Licenses changed to CC-BY from the following GSDs:

Cilcat https://www.checklistbank.org/dataset/1113/about, Fada Rotifera https://www.checklistbank.org/dataset/1047/about, Globis https://www.checklistbank.org/dataset/1046/about, Mites GSD Phytoseiidae https://www.checklistbank.org/dataset/1070/about Mites GSD Tenuipalpidae https://www.checklistbank.org/dataset/1078/about PBI Plant Bug https://www.checklistbank.org/dataset/1171/about Phoronida https://www.checklistbank.org/dataset/1104/about Taxapad https://www.checklistbank.org/dataset/1068/about Tineidae https://www.checklistbank.org/dataset/1031/about Zoological-Botanical Database (Vespoidea) https://www.checklistbank.org/dataset/1037/about

Licenses changed in the UI of CLB, and metadata locked

olafbanki commented 1 year ago

CC-BY license added to the COL Checklist

olafbanki commented 1 year ago

Metadata of creators of the COL Checklist changed to also include: Diana Hernández, Camila Plata, Thomas Jeppesen, and Ari Örn; Dave Remsen removed.

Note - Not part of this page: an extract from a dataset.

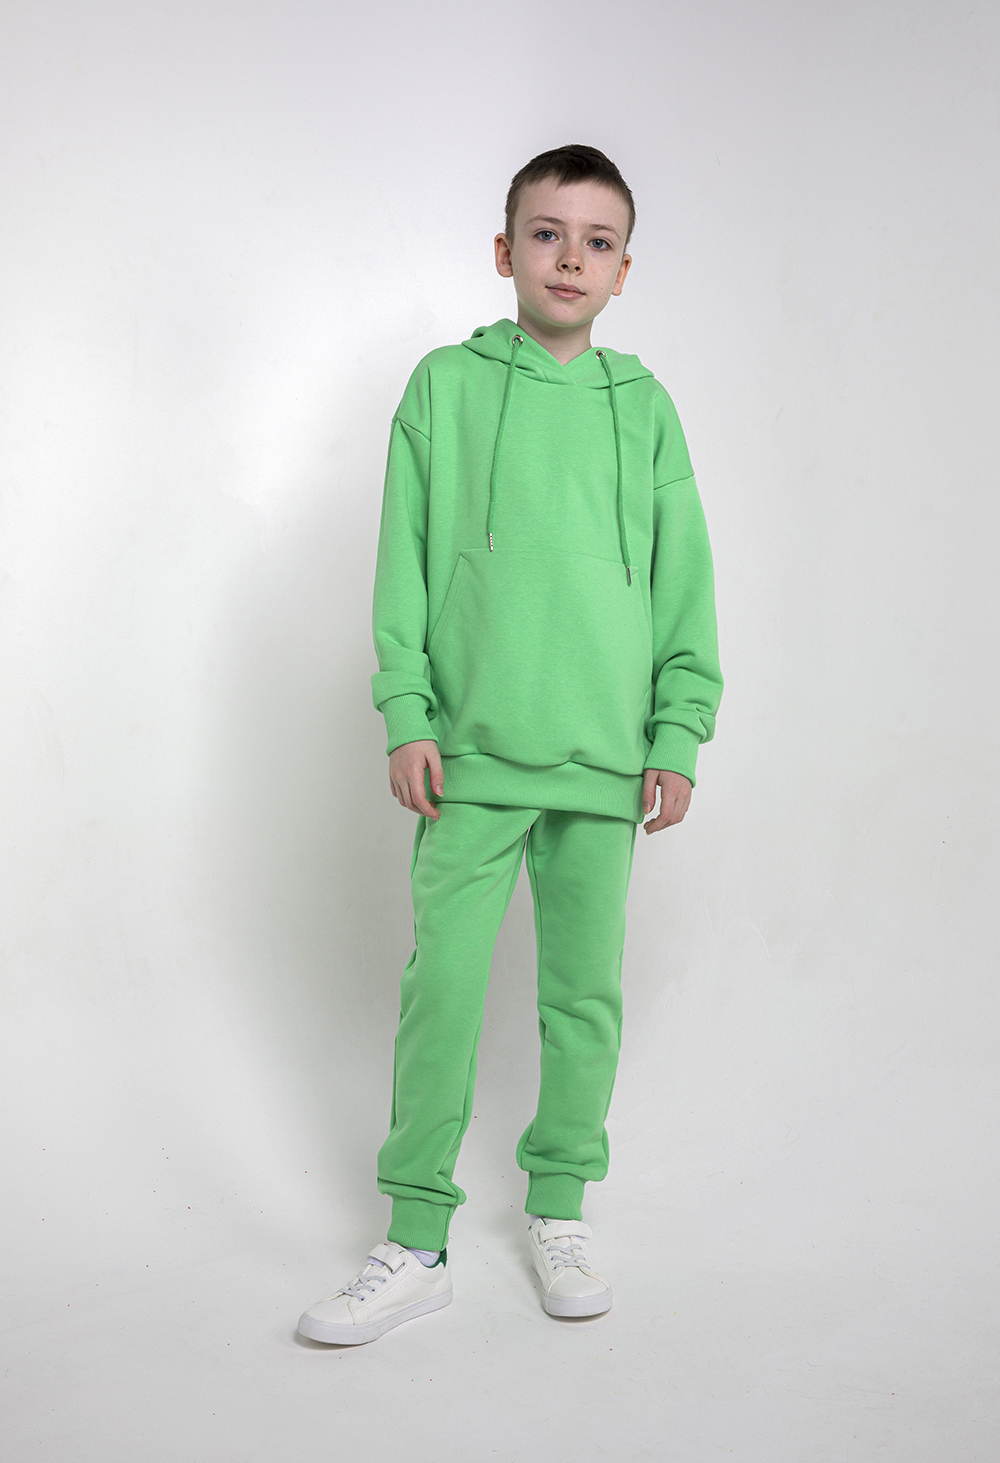 Детский спортивный костюм, МаdbаТ, к0023, р.158, цв. зеленый

COL Checklist 2023 dedicated to the memory of David Remsen

yroskov commented 1 year ago

PREVIEW release started 2023-06-27, 8:38 pm (server time) = 22.38 Leiden Finished as COL23, Catalogue of Life Checklist, Annual Checklist 2023, id 9910, 2023-06-27, 9:58 pm Deployed to the preview website 2023-06-27

@olafbanki, I have checked results of this release at https://preview.catalogueoflife.org. The checklist content is fine and consistent with few previous drafts. Adjustments to AC23 metadata are in place. AC23 is ready to be published on the portal.

olafbanki commented 1 year ago

@yroskov I have made an accompanying blog post and that also looks good in preview. I will now proceed with the publication of AC 2023.

olafbanki commented 1 year ago

The AC2023 is published.